And that’s when it hit them – they might as well buy something of their own. They decided to do just that, launching a search this spring for a three-bedroom house large enough for them and their daughter plus an extra bedroom for her parents when they came to Florida to visit from Ohio.

With her parents offering to help with a down payment, everything was falling into place.

Given the soaring resale cost for houses, they expanded their quest – pushing farther south toward South Venice, where prices for houses were lower. It would mean a shorter commute for Nathan but would be close to 40 minutes one way for Lori to her job in Newtown.

But then, amid pandemic-related problems, supply chain issues and material shortages, Nathan’s hours were cut at work. Their 20-year-old son, Nathan Jr., also lost work during the pandemic, and they were helping him, too.
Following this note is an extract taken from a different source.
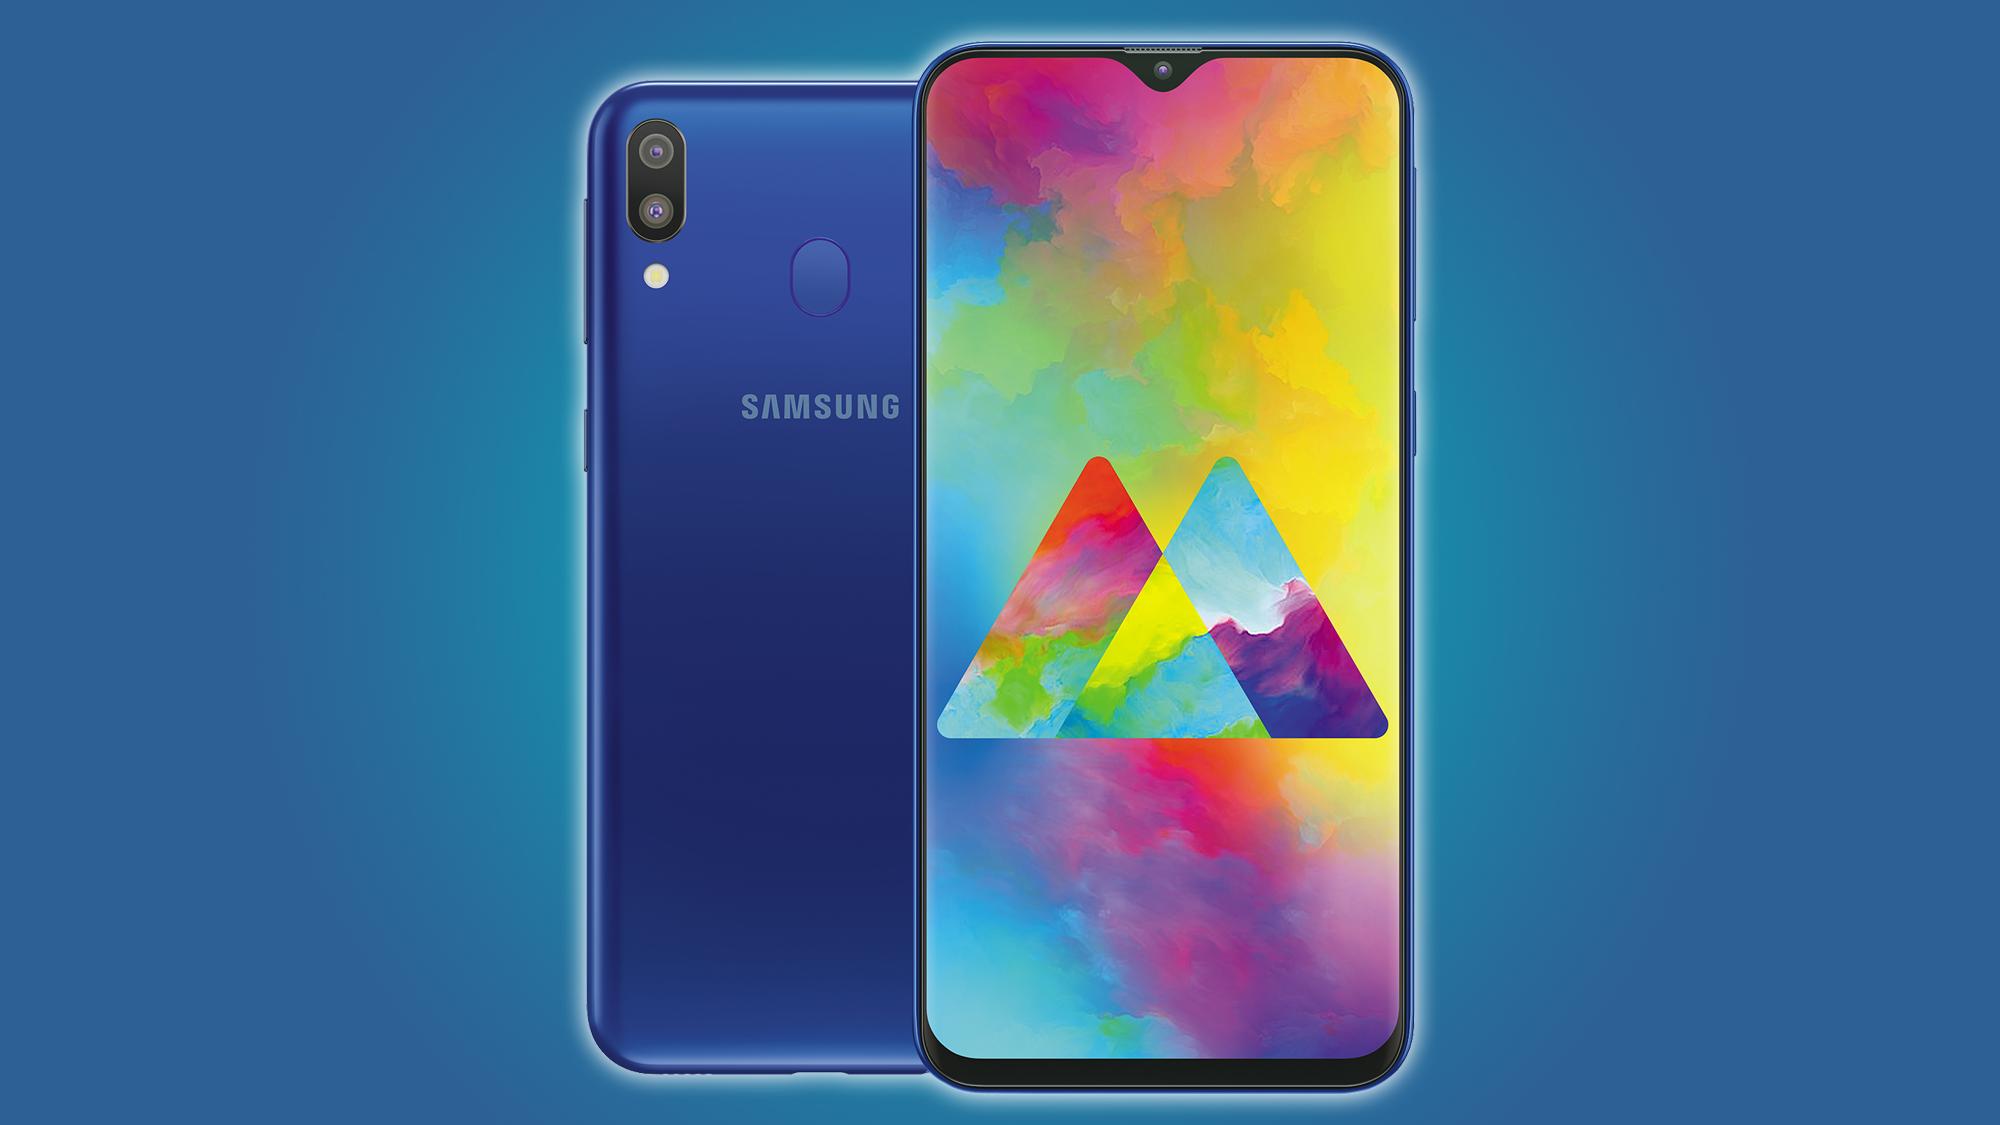 Samsung's Galaxy M20 smartphone

Instead of saving for their new home, the two were falling further and further behind and were soon unable to pay their rent.

For years working as a family advocate in her social work job, Lori had helped countless struggling parents and single mothers when they were in a bind – turning them on to the assistance provided by Season of Sharing.

Now it was her family in need of help.

“As a caseworker and a parent and a community member, Season of Sharing is one of the best,” she said of the resource.

While the application is thorough, unlike other programs for rent assistance that can take months, the Season of Sharing process is quick, she’d known from her experience helping other families.

“It takes the worry from parents who are afraid that the lights are going to be turned off,” Davis said.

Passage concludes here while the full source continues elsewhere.